Zuidnederlands Woordenboek

Walter De Clerck (1981)

Gepubliceerd op 03-02-2023

effen

betekenis & definitie

1. Als bnw.

1. Van omstandigheden: gelijkmatig, onbewogen.

De dagen zouden effen en rustig zijn, als achter die gehate wallen geen ongeluksbroeisel, geen blind gespin van het noodlot werkzaam was, TEIRLINCK 1952, 1, 61.

2. In de verb. effen zijn, staan, van pers.: quitte zijn, gelijk staan.

Hij wil natuurlijk een brief in handen hebben waaruit blijkt dat je een beroep op hem gedaan hebt.

Dan is hij in ééns effen, ELSSCHOT 1960, 132.

3. Op zijn effen zijn, komen, geraken, (lichamelijk of geestelijk) weer in orde zijn enz.; van omstandigheden bep.: weer normaal zijn, worden enz.

Dank zij de goede zorgen van de Jorre en Margriet, begon het beestje na enkele dagen weer op zijnen ef te komen en deed het blijkbaar reeds moeite om te vliegen, DE RIDDER 1966, 24.

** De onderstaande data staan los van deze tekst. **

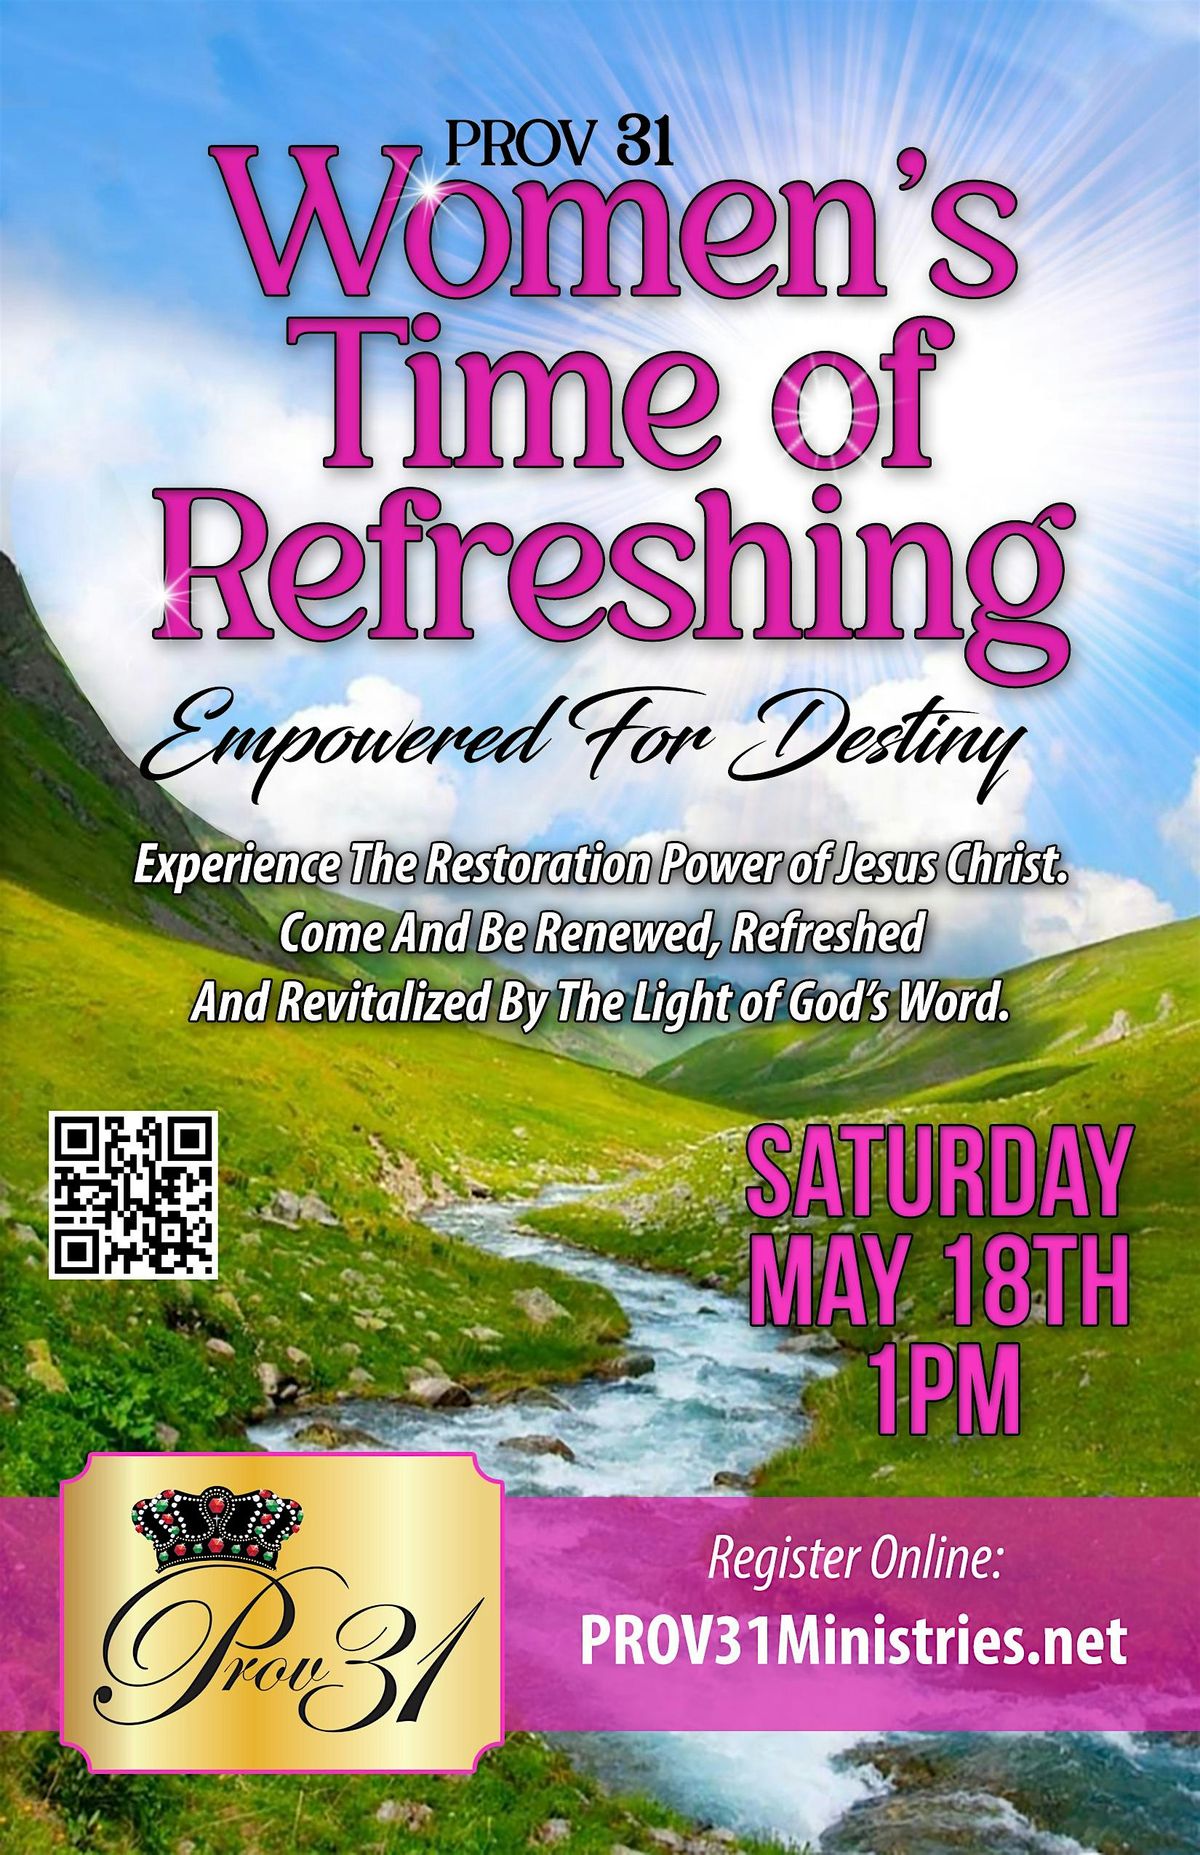 PROV 31 WOMEN'S TIME OF REFRESHING LUNCHEON

Die was vorige maand... van een dak afgedonderd. Hoe gaat dat, nietwaar? Hij had er allerlei bij gebroken en probeerde nu stilaan op zijn effen te geraken, BOON 1977, 146.

II. Als bijw.

Ter aand. van het samenvallen van gebeurtenissen e.d.: juist, net.

Voor Annelies kan een water niet koud genoeg zijn. Het maakt warm bloed.... De Dulle heeft haar een handdoek gebracht... Maar toen was zij reeds effen droog, van de zon, TEIRLINCK 1951, 1, 118.

Afl./Sam.: effekens, eventjes (Effekens toch vertellen wat wij met ons groepke aan het doen zijn nu, Kerk en Leven (ed. Brussel N.-O.) 17/2/1977, p. 14);

- effenaan (Wdl.), geleidelijk, geregeld; effenop, gelijkop, zonder uitzondering; in de verb. iem. van effenop, iem. uit het gewone volk (Omdat Mira er gene was van effen op... werden er bijzondere maatregelen getroffen om het trouwfeest allen mogelijken luister bij te zetten, STREUVELS 1964, 288).